(Dataset content)

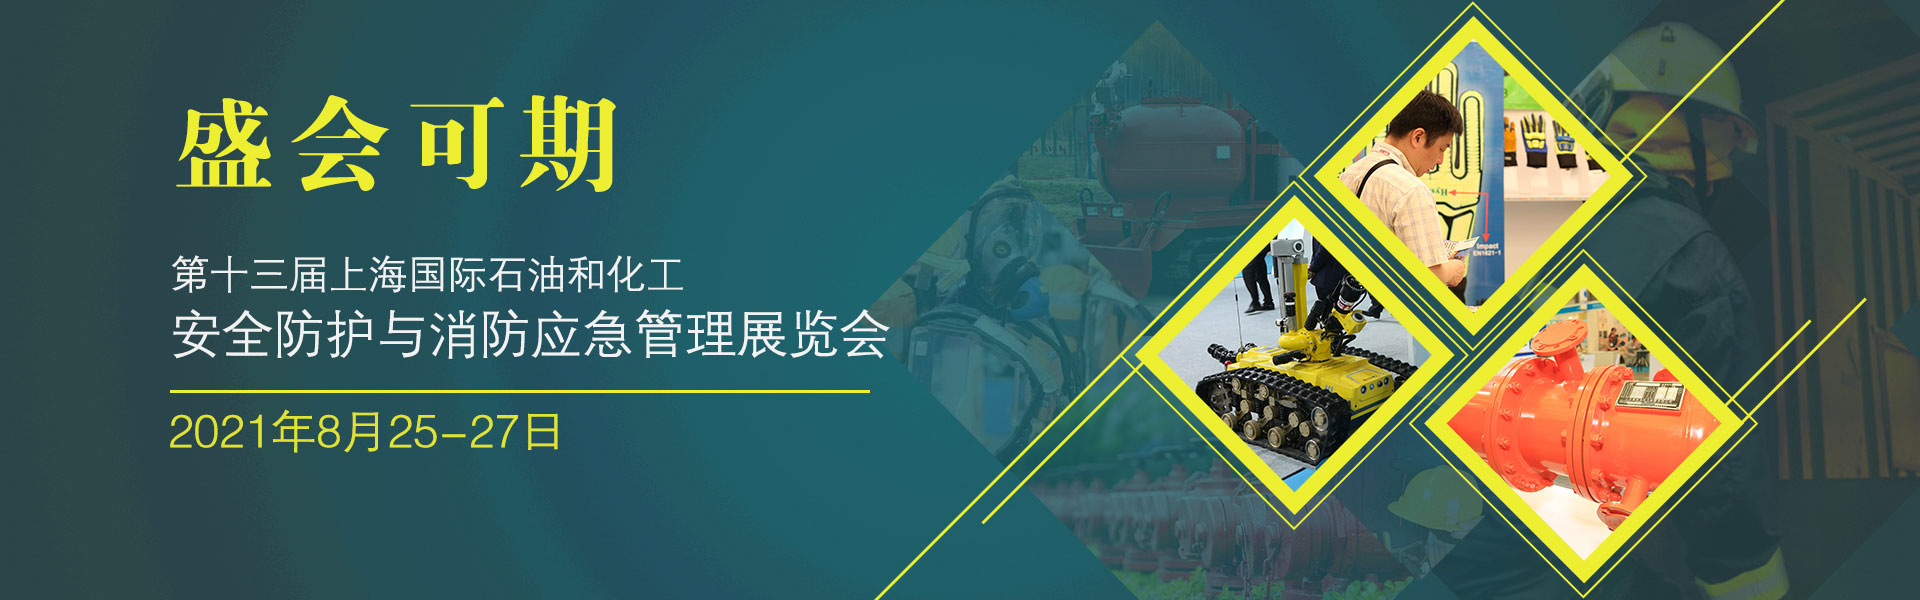 上海国际石油和化工安全防护与消防应急管理展览会
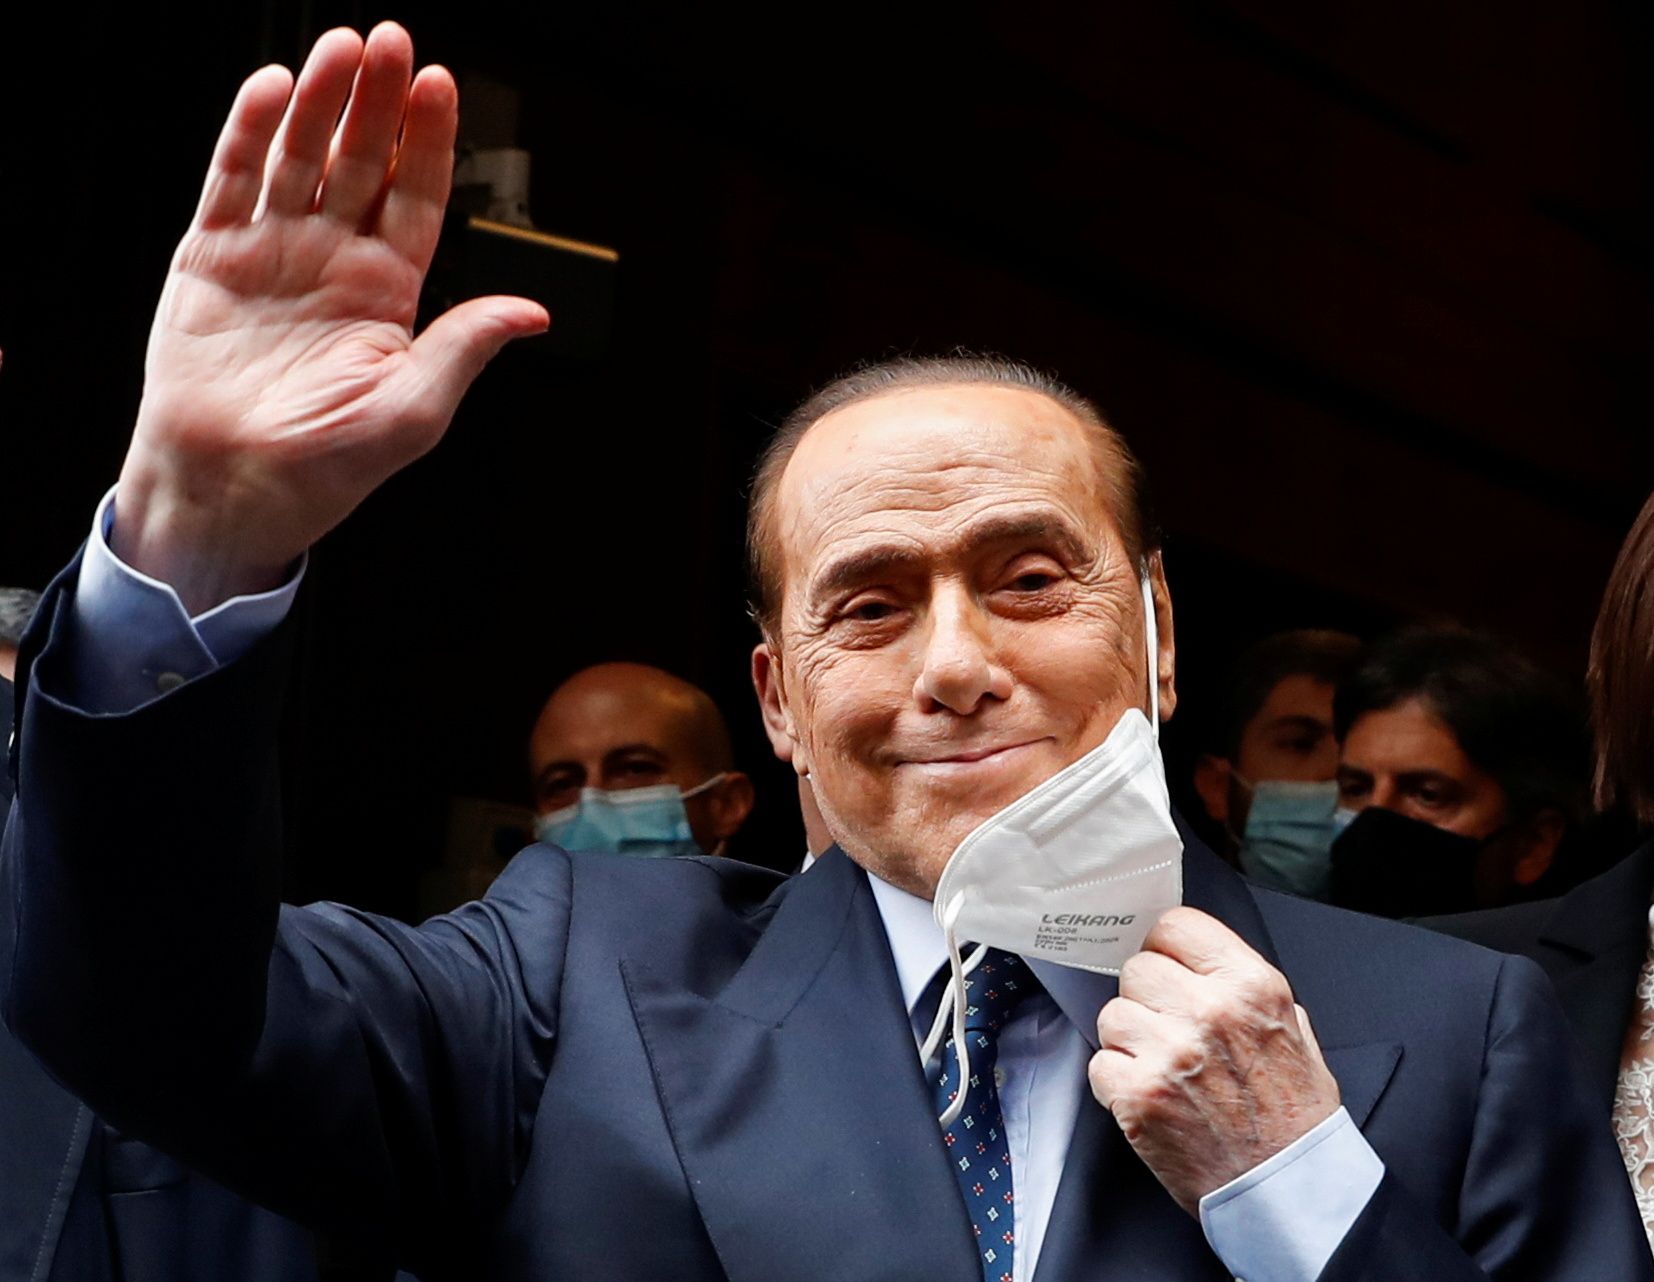 Il tribunale ha assolto Berlusconi dal caso di addobbi floreali e corruzione di testimoni
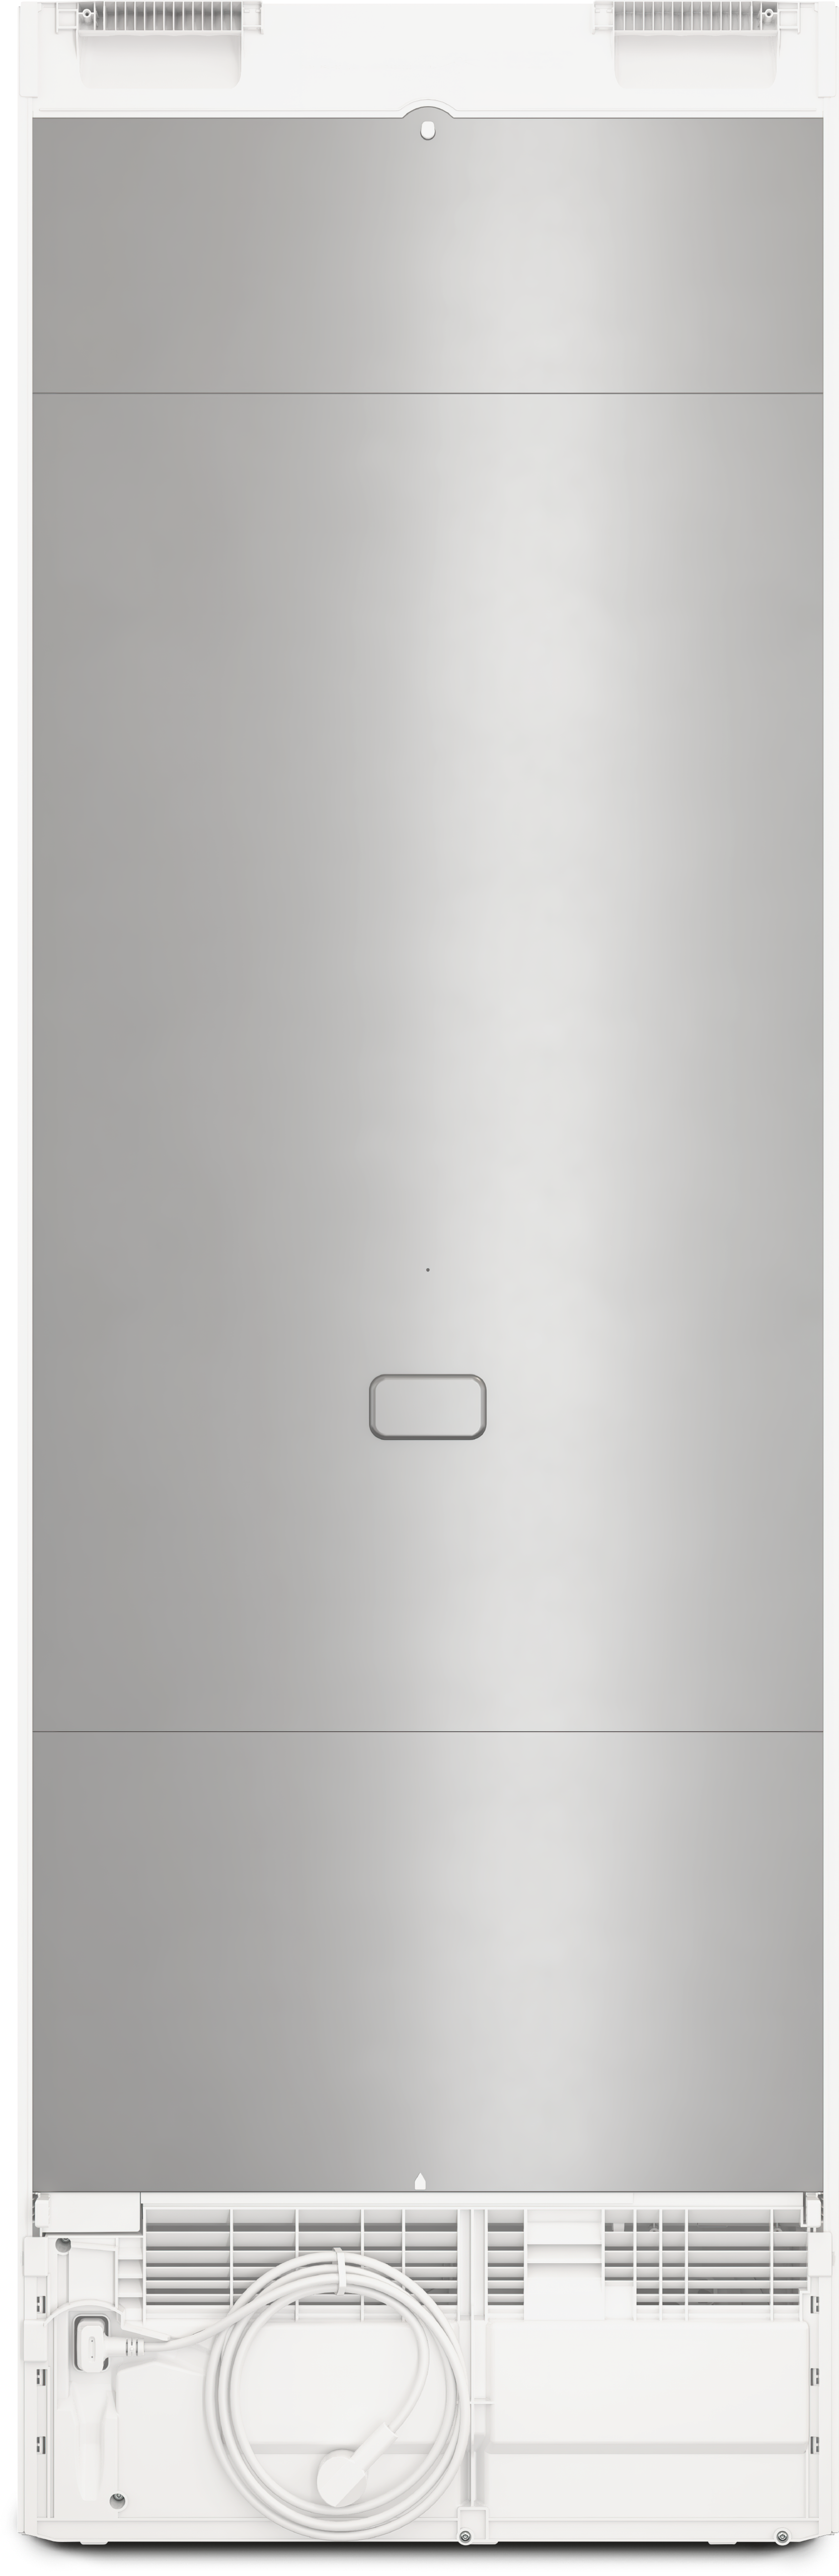 Refrigeration - KS 4383 DD White - 5
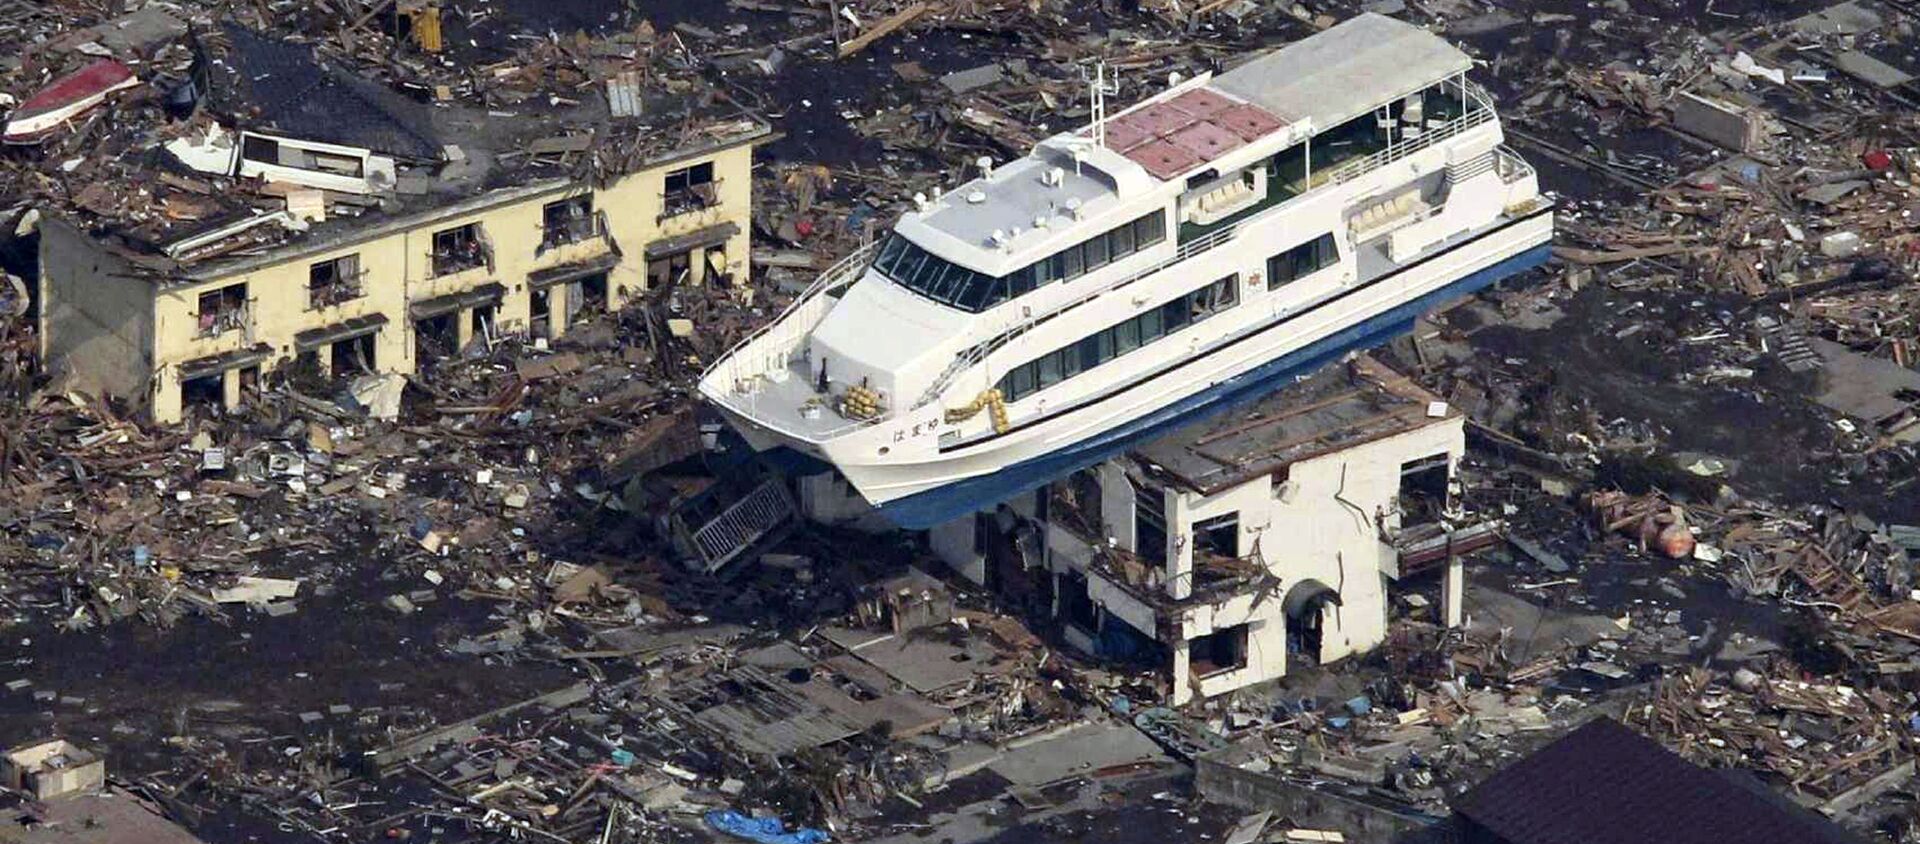 Du thuyền trên nóc tòa nhà ở thành phố Otsuchi sau trận động đất và sóng thần ngày 11 tháng 3 năm 2011 tại Nhật Bản - Sputnik Việt Nam, 1920, 11.03.2019

(End Dataset content)

* _Assigned task_: Leave the images out and transcribe the rest of the material exactly.

* _Exercise solution_:
 上海国际石油和化工安全防护与消防应急管理展览会
 Il tribunale ha assolto Berlusconi dal caso di addobbi floreali e corruzione di testimoni
 Refrigeration - KS 4383 DD White - 5
 Du thuyền trên nóc tòa nhà ở thành phố Otsuchi sau trận động đất và sóng thần ngày 11 tháng 3 năm 2011 tại Nhật Bản - Sputnik Việt Nam, 1920, 11.03.2019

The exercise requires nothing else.